Make an exact copy of the listing so that no picture is carried over.

# INFORMATION SHOWN
---

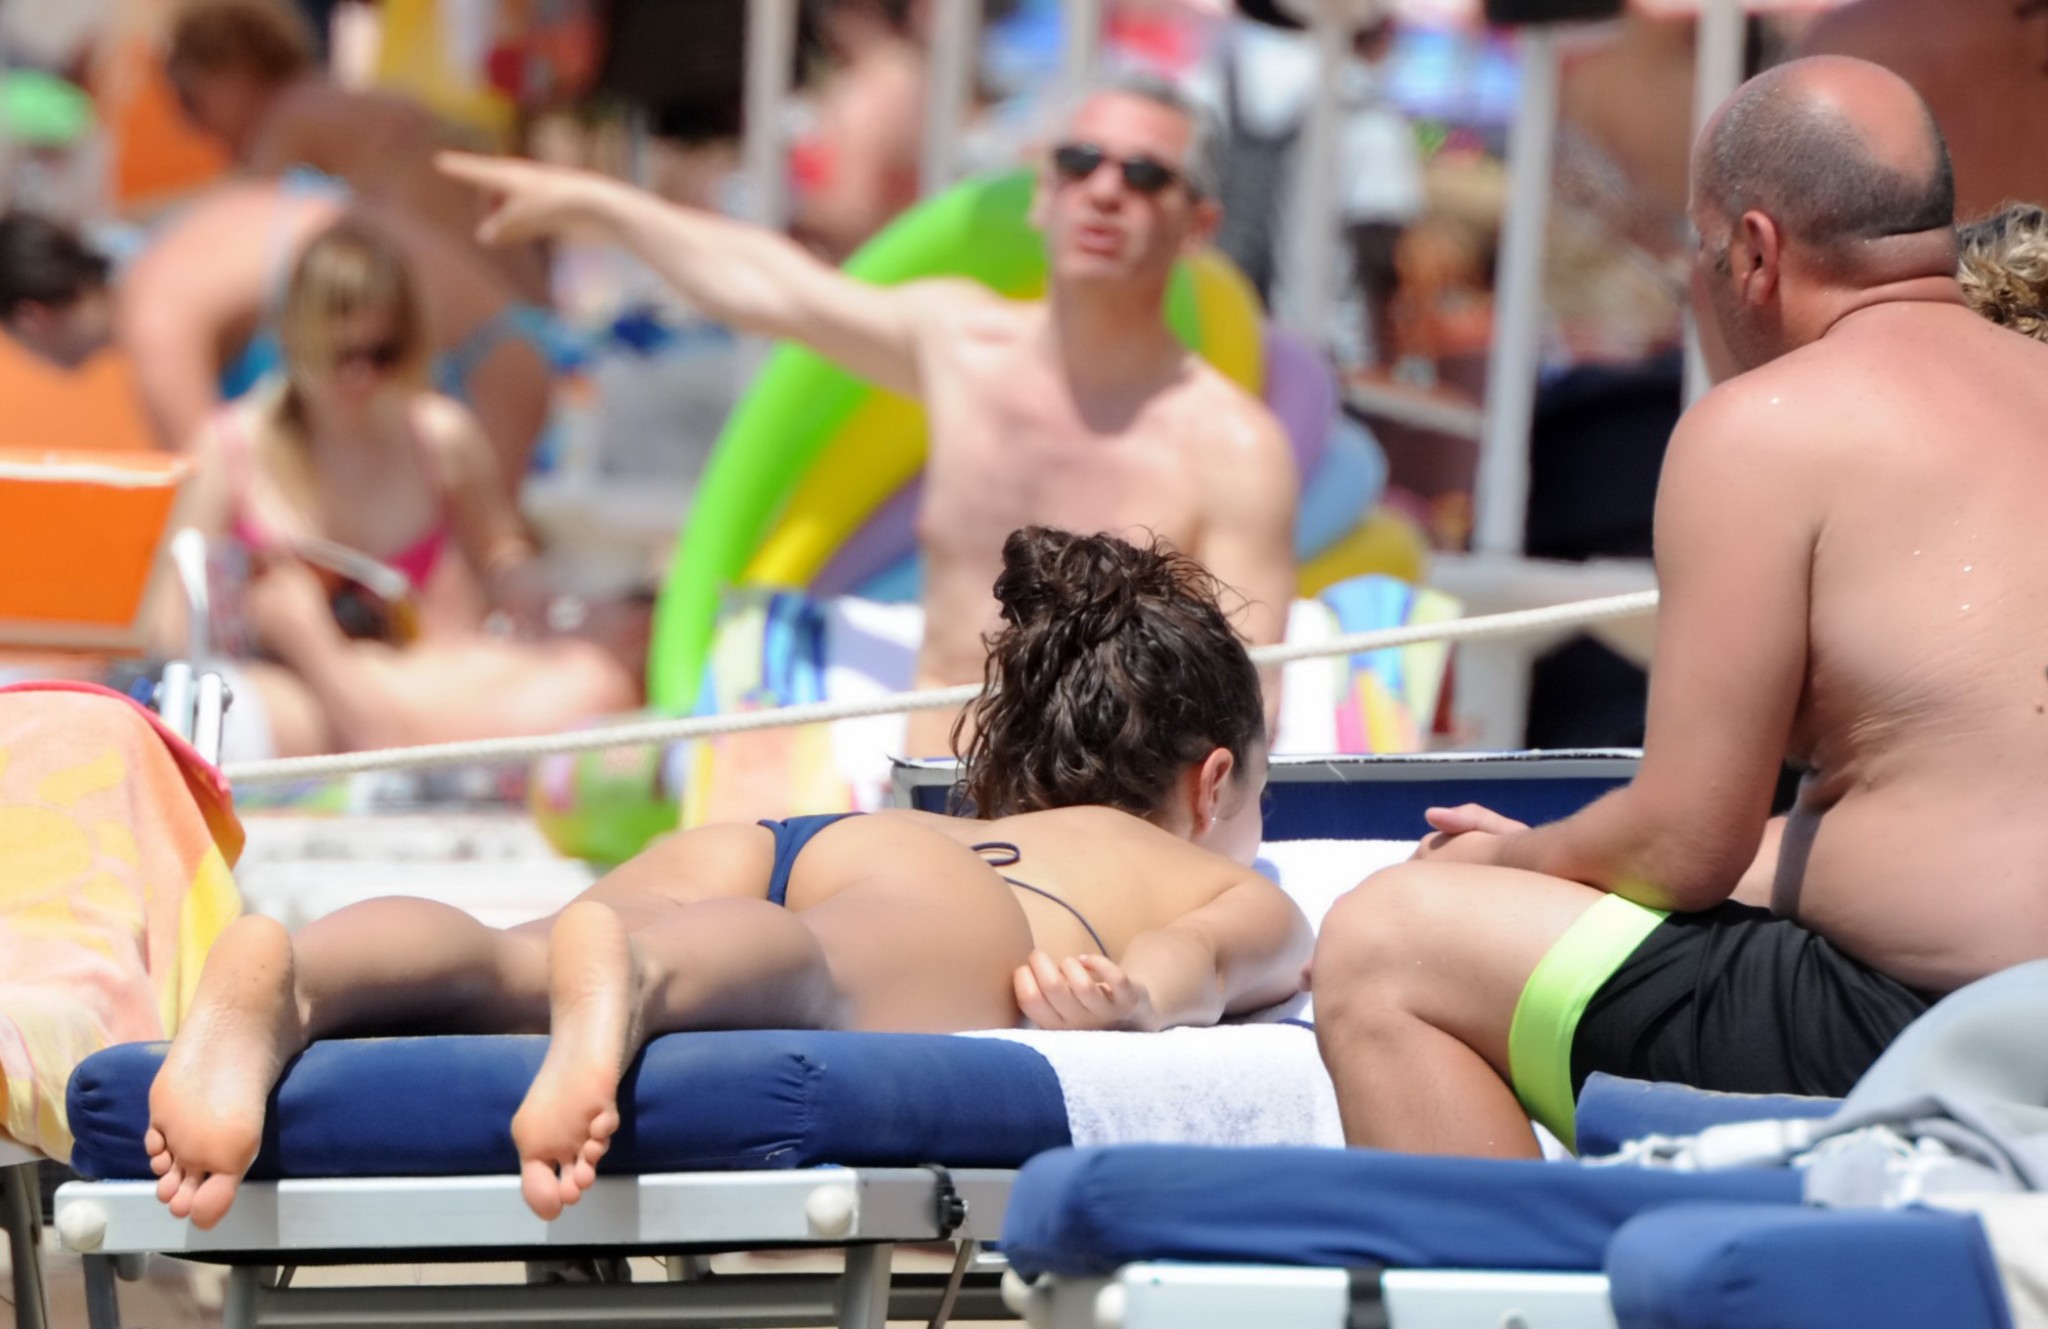 Laura barriales zeigt ihren knackigen Hintern in einem winzigen blauen String-Bikini am Strand
 #75193952
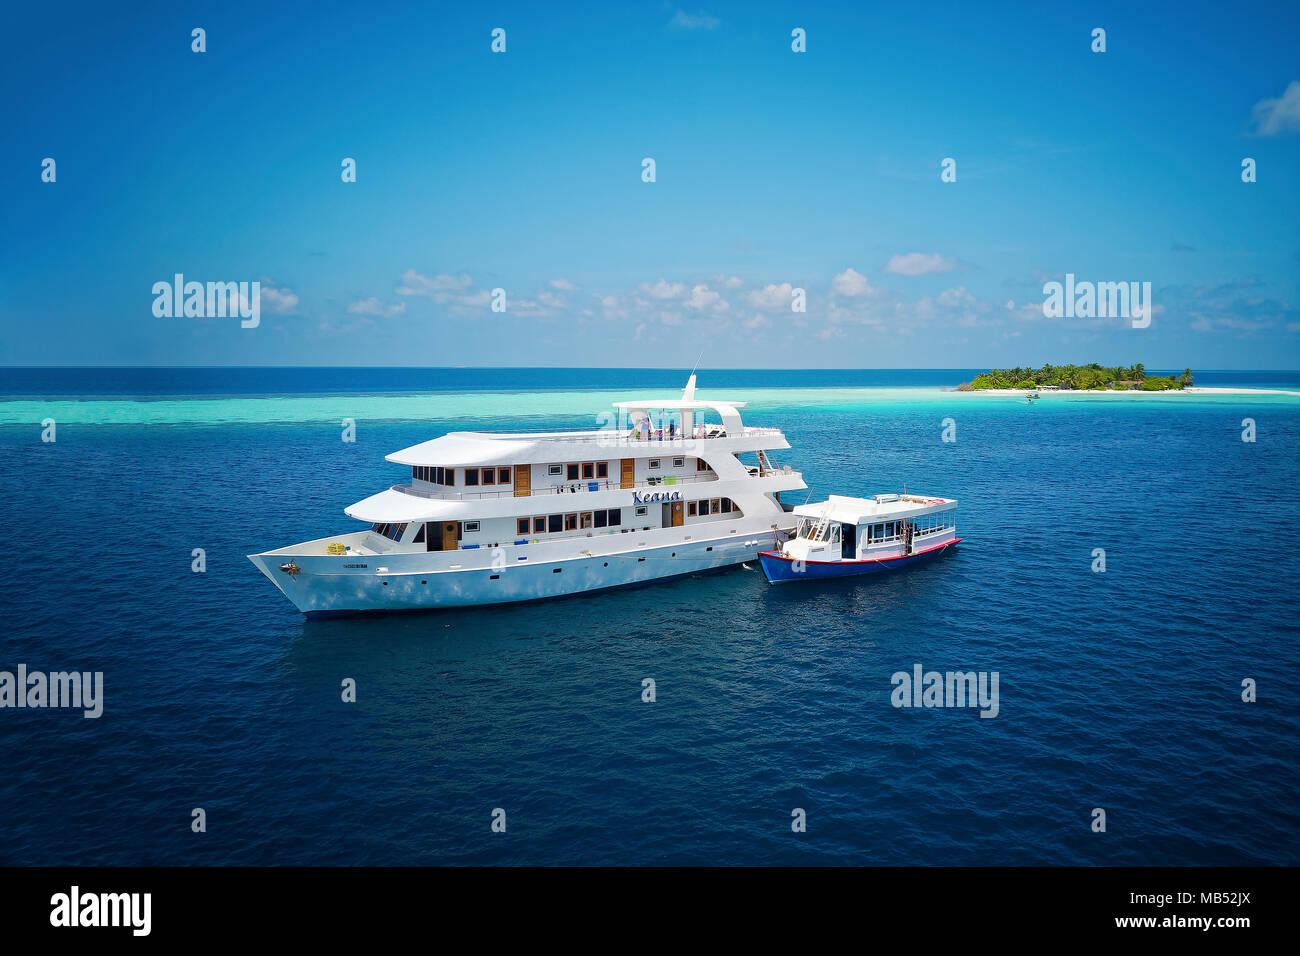 Safari de buceo barco MS Keana dhoni de buceo esté anclado en una deshabitada isla con palmeras, Ari Atoll, Maldivas, Océano Índico Foto de stock
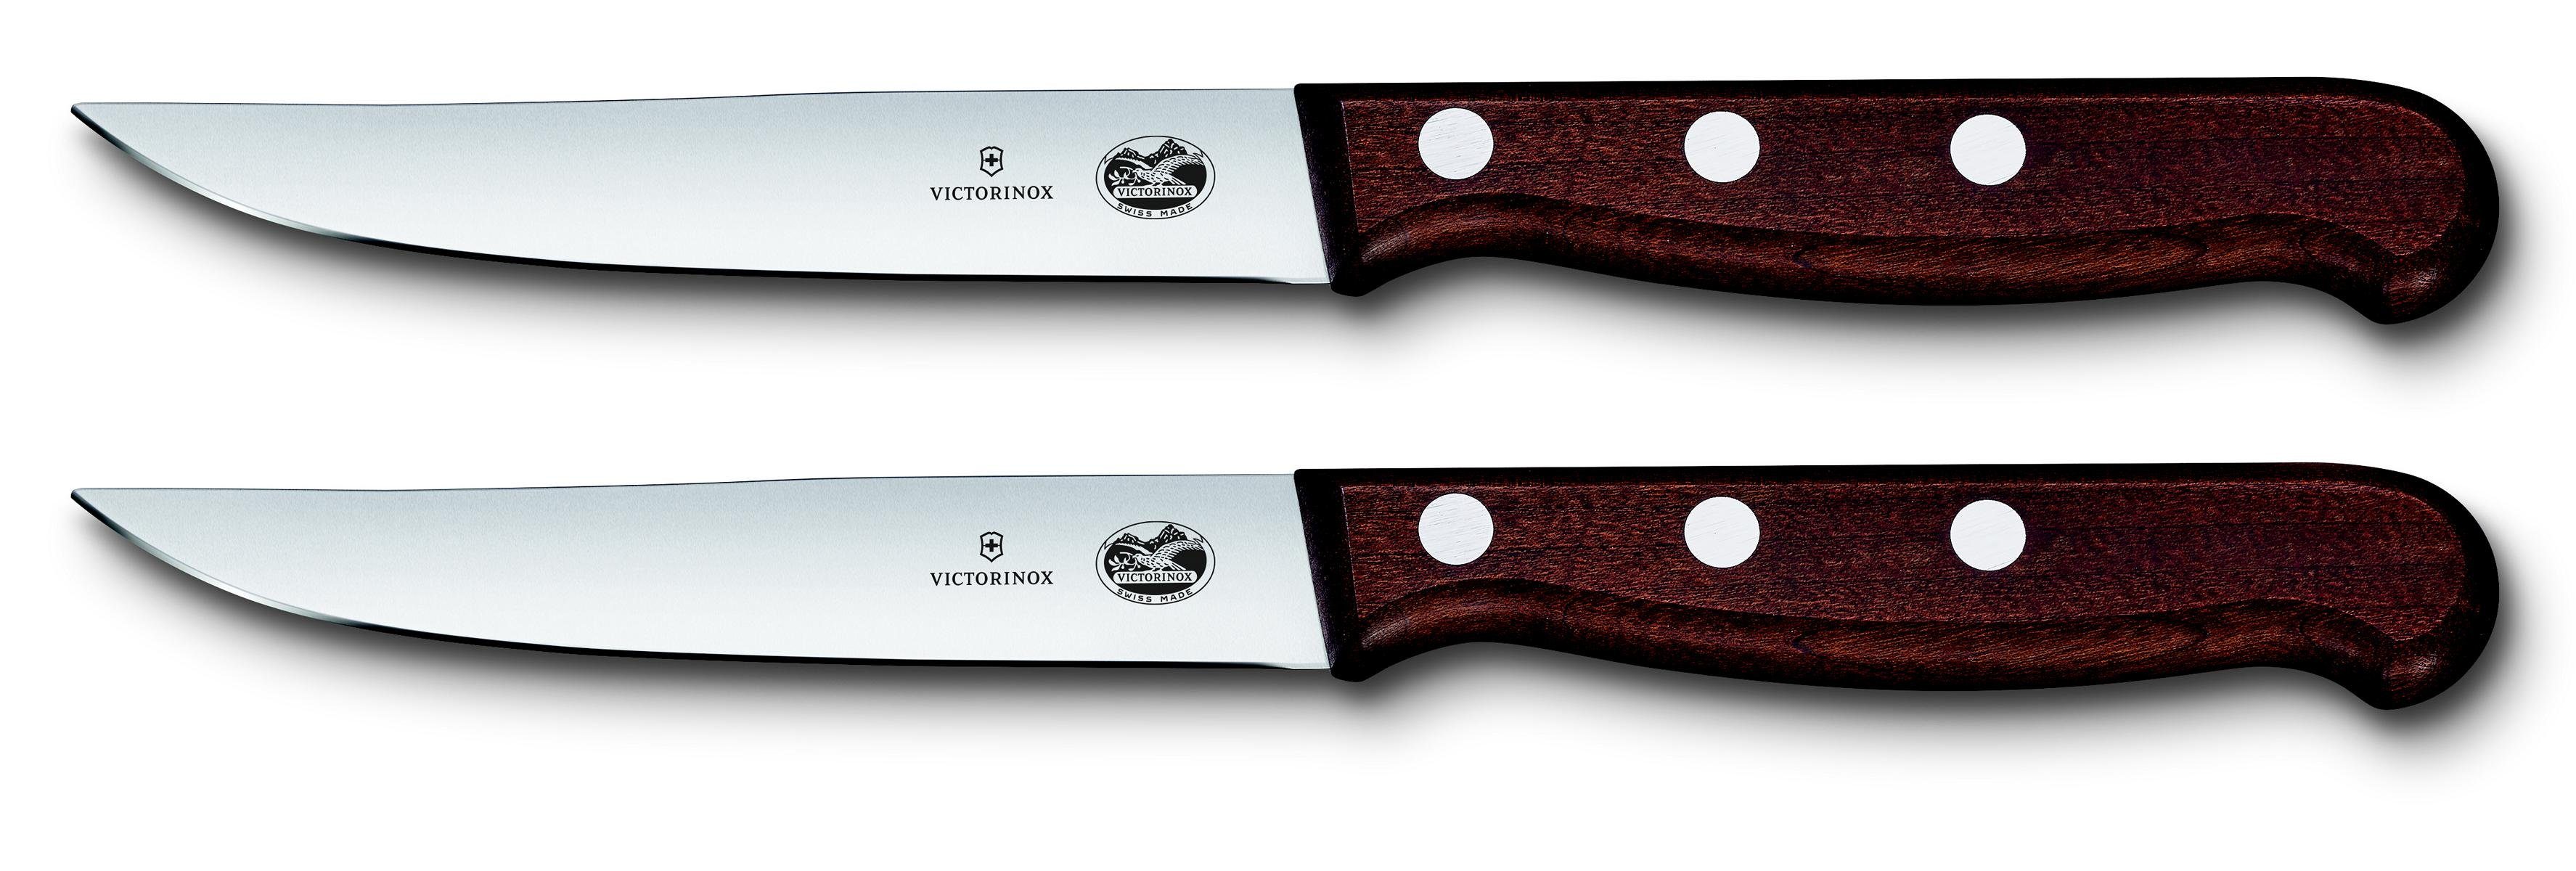 Victorinox Taschenmesser ger Ahornholz, Steakmesser-Set, Schliff,12 cm,2-teilig,Gesch. mod

---

# SOLUTION TO THIS EXERCISE
 Laura barriales zeigt ihren knackigen Hintern in einem winzigen blauen String-Bikini am Strand
 #75193952
 Safari de buceo barco MS Keana dhoni de buceo esté anclado en una deshabitada isla con palmeras, Ari Atoll, Maldivas, Océano Índico Foto de stock
 Victorinox Taschenmesser ger Ahornholz, Steakmesser-Set, Schliff,12 cm,2-teilig,Gesch. mod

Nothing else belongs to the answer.